## Exercise objective
The data that follows must be transcribed in full and exactly, minus the pictures.

====== Collected data

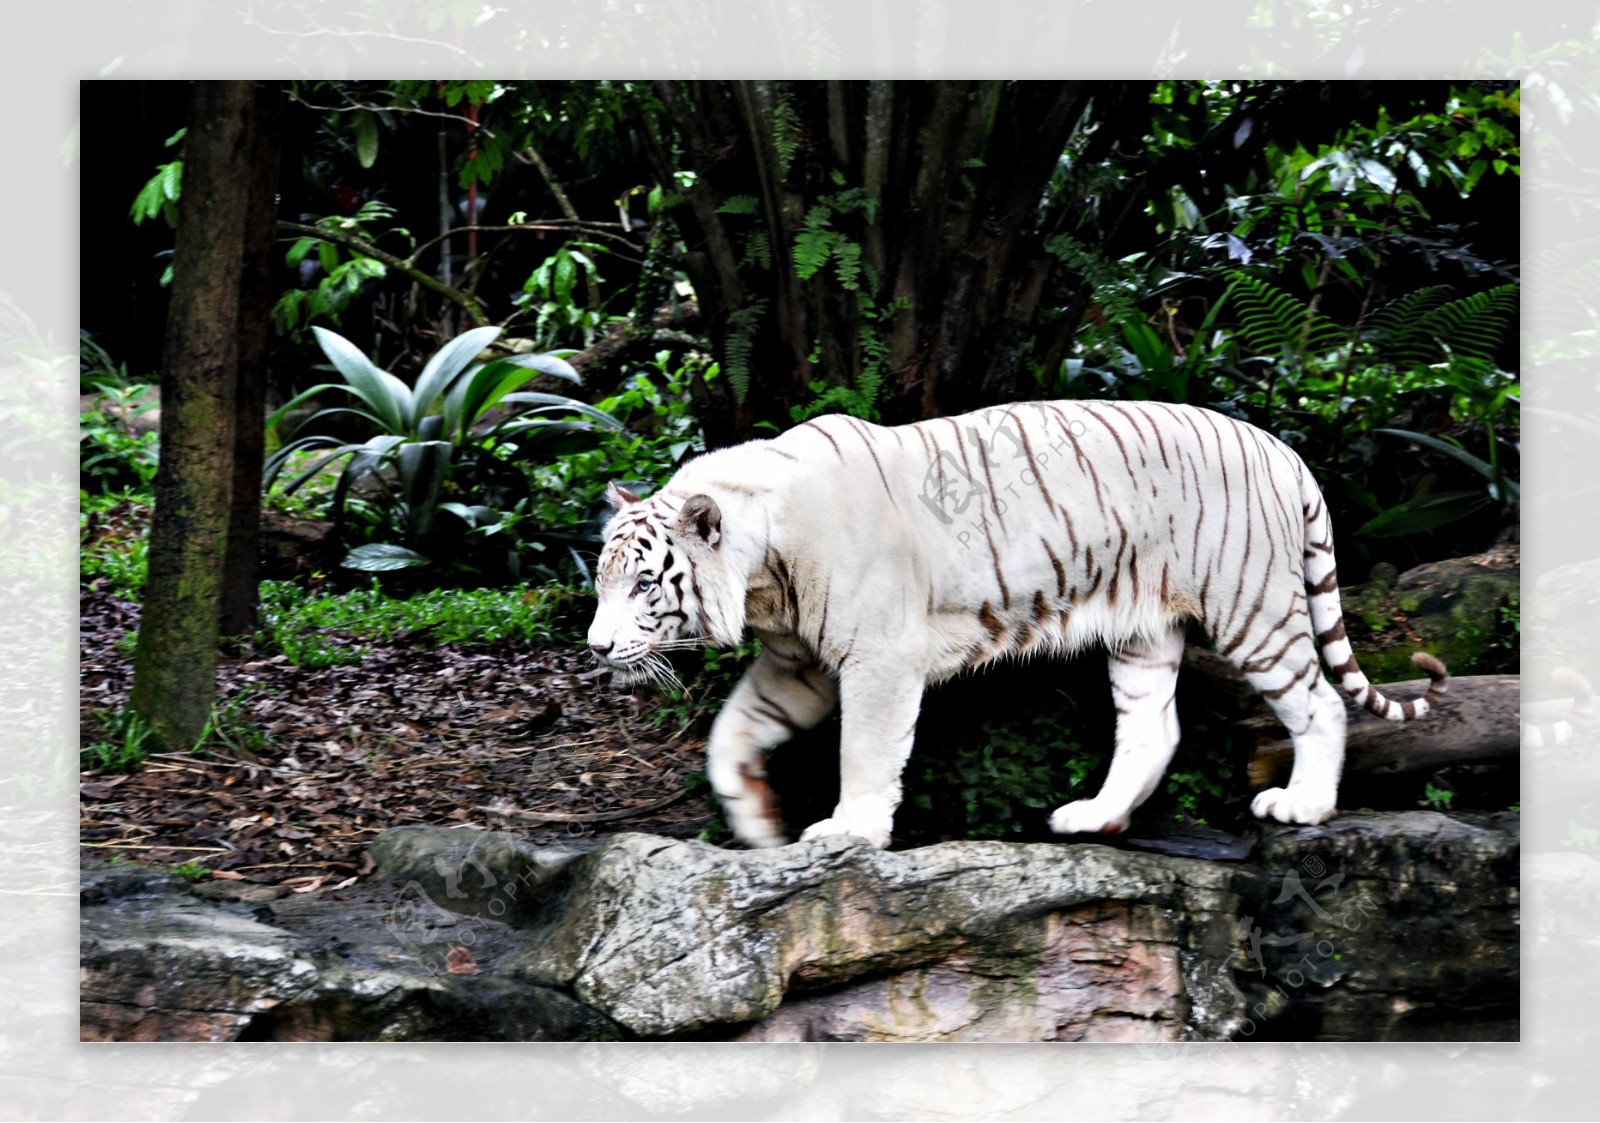 向左移动的白色老虎
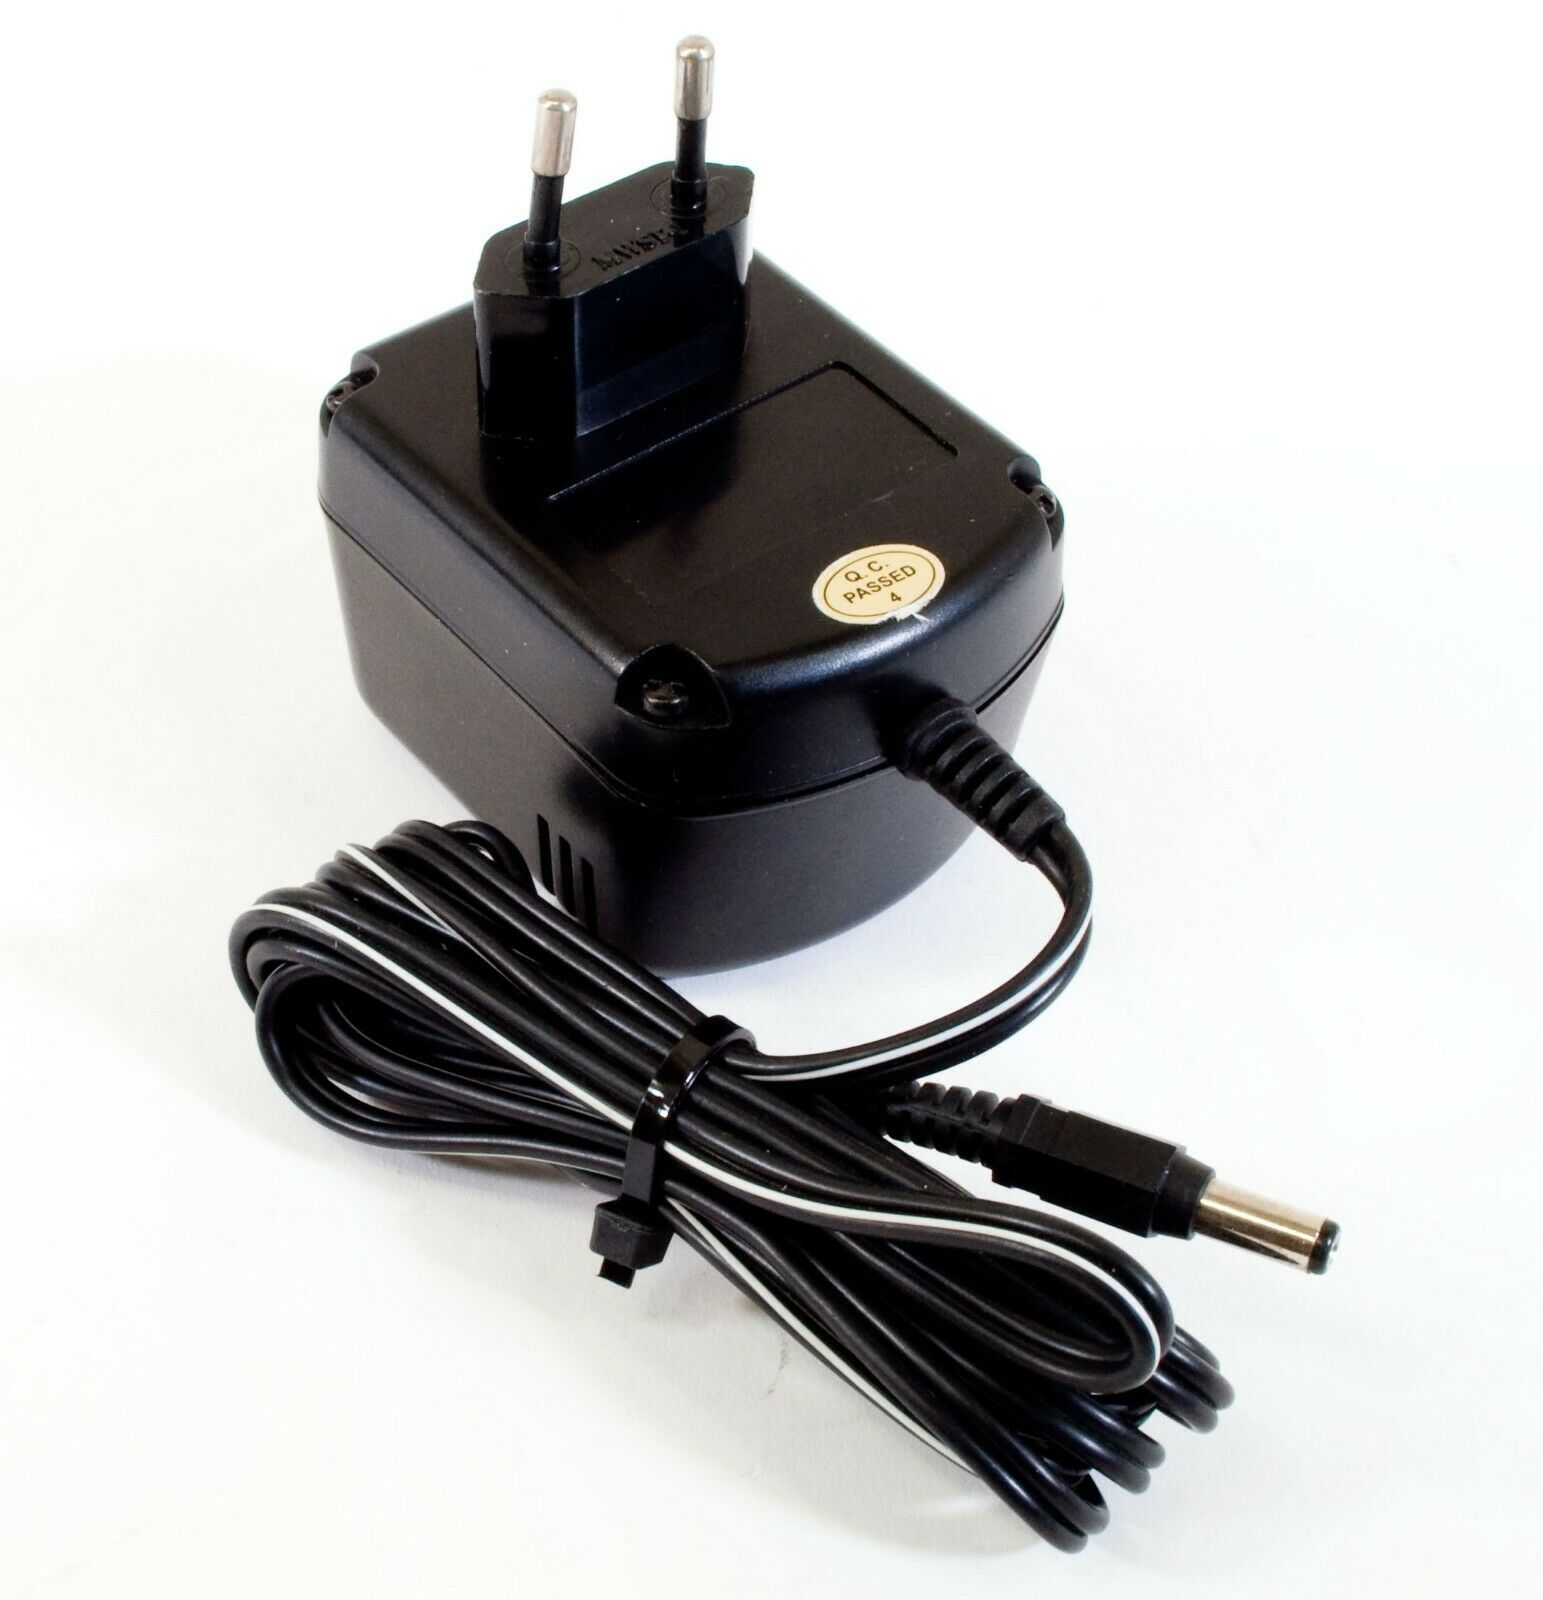 Bontempi AD177-10 AC Adapter 12V 1000mA Original Power Supply Europlug Output Current: 1000 mA Voltage: 12 V MPN: MK1
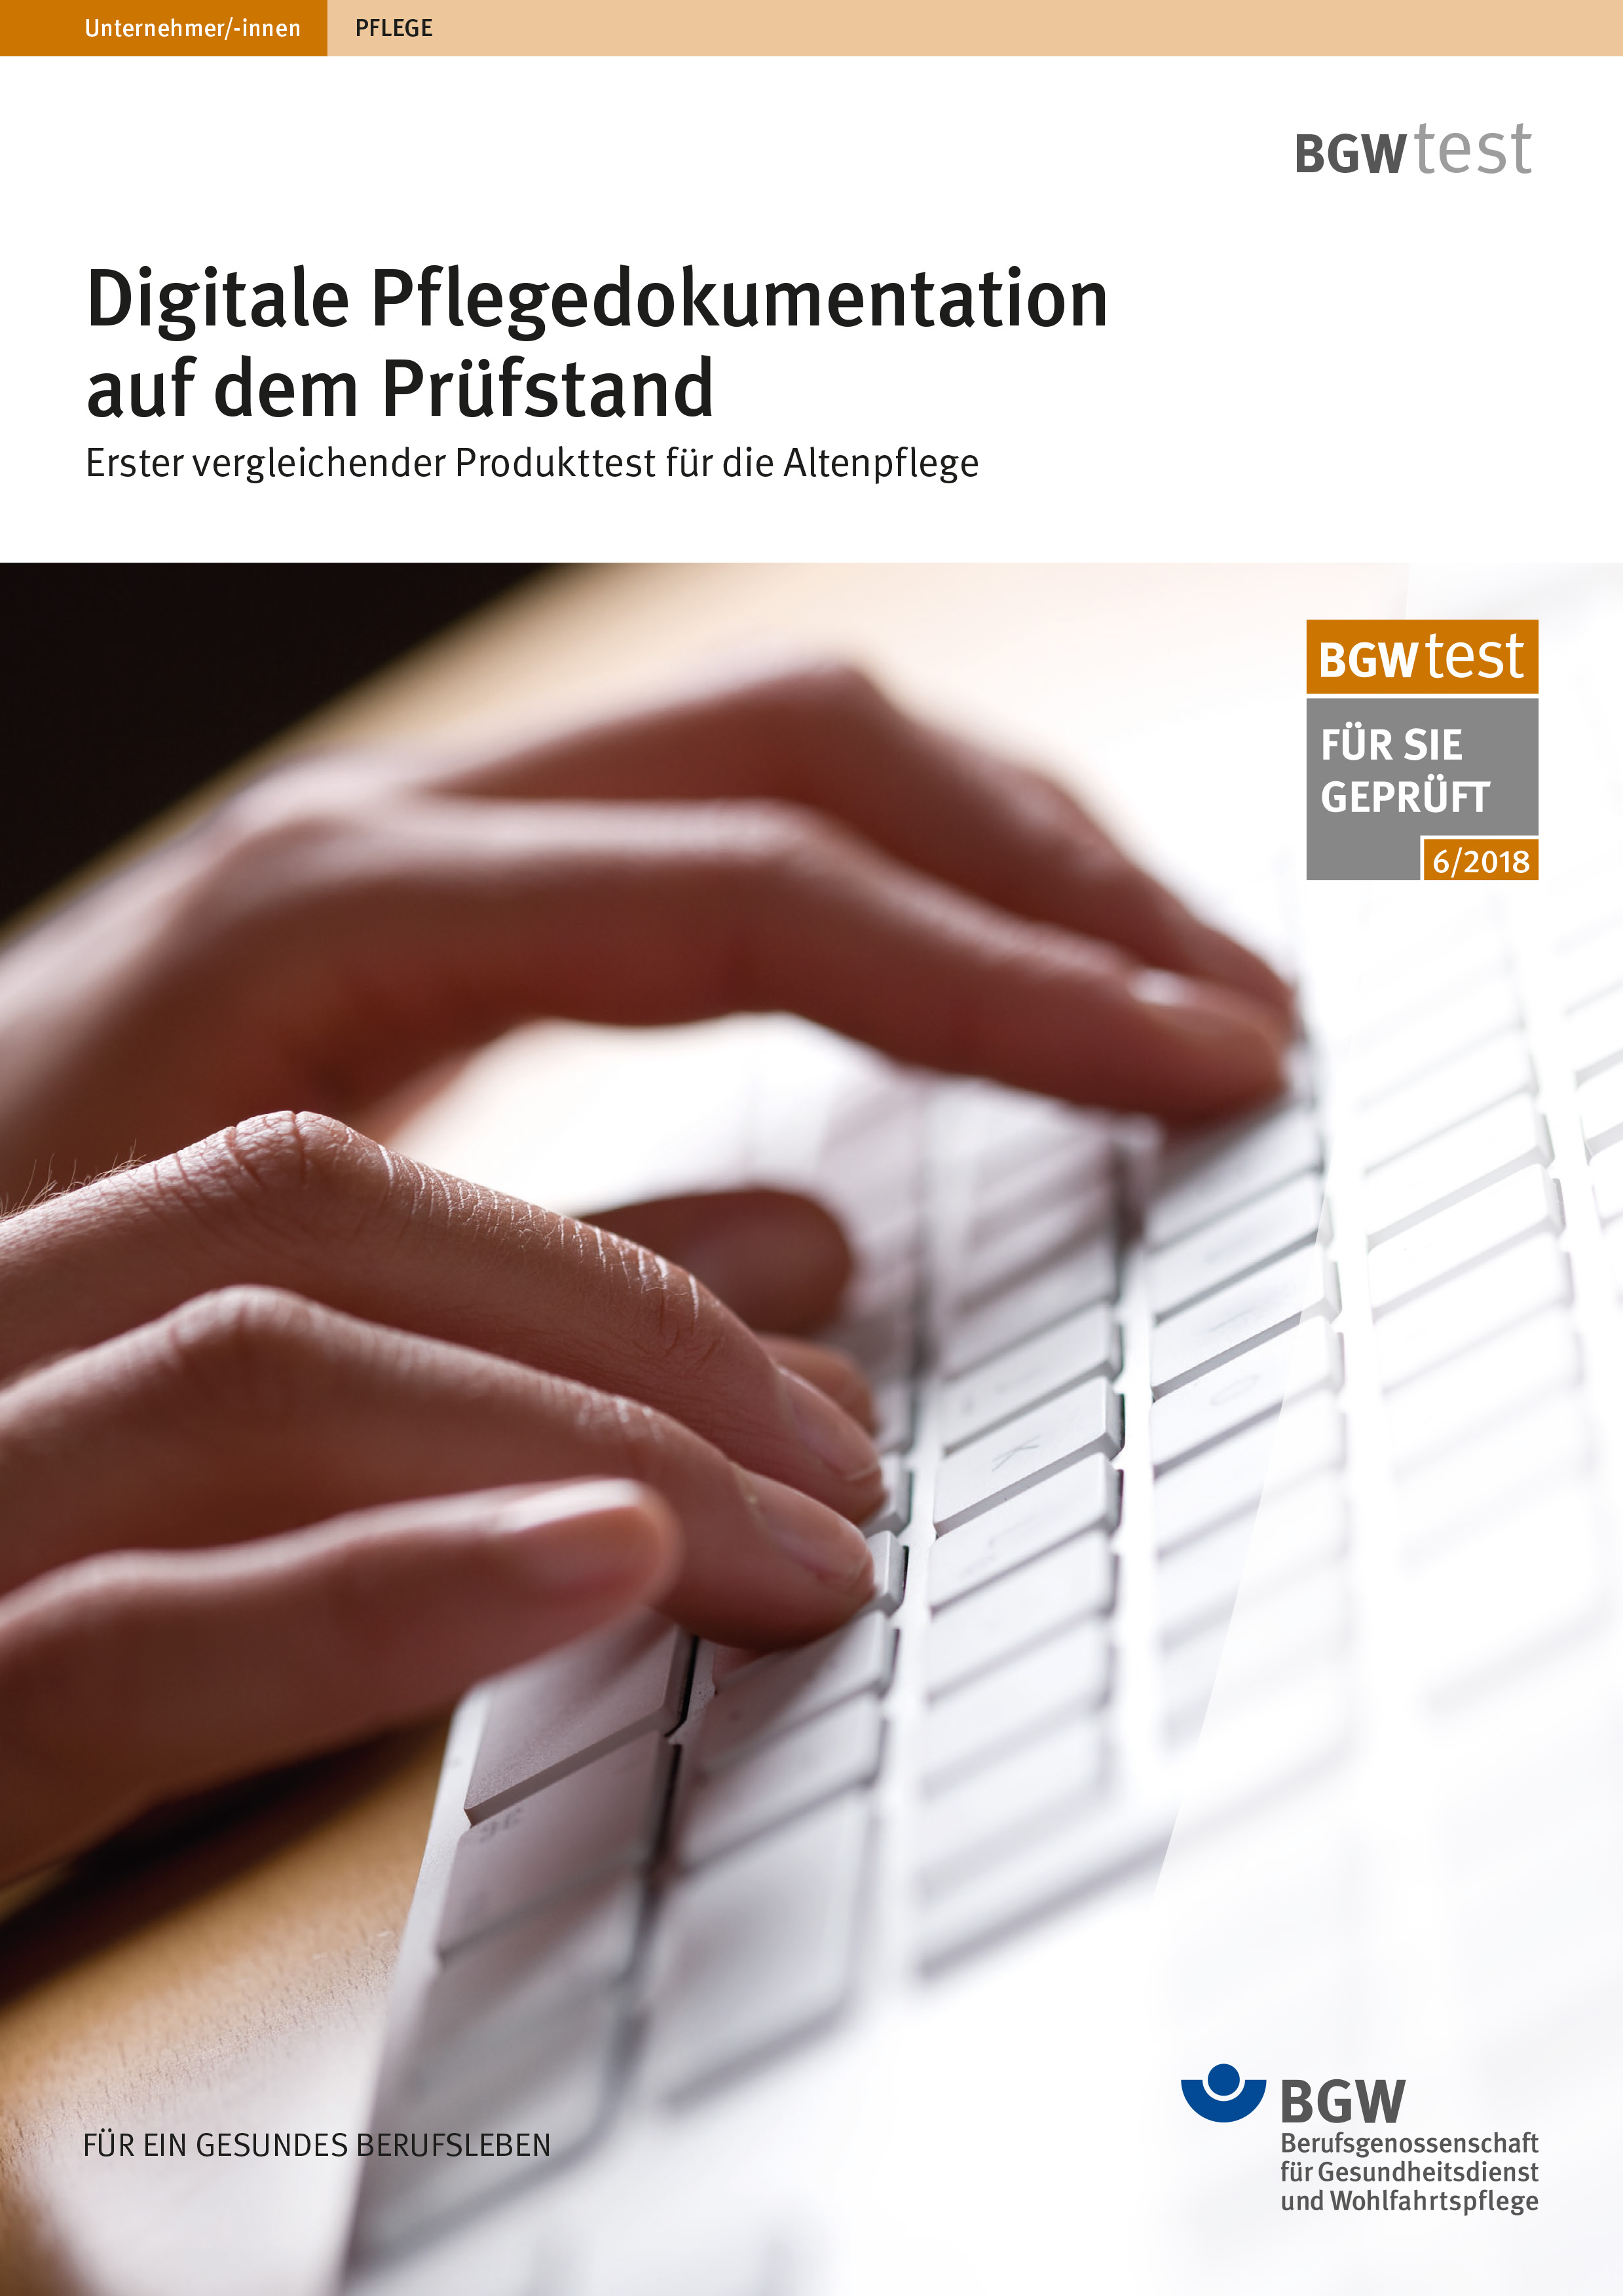 Titel: Digitale Pflegedokumentation auf dem Prüfstand - Hände an Computertastatur

============

## Task solution
 向左移动的白色老虎
 Bontempi AD177-10 AC Adapter 12V 1000mA Original Power Supply Europlug Output Current: 1000 mA Voltage: 12 V MPN: MK1
 Titel: Digitale Pflegedokumentation auf dem Prüfstand - Hände an Computertastatur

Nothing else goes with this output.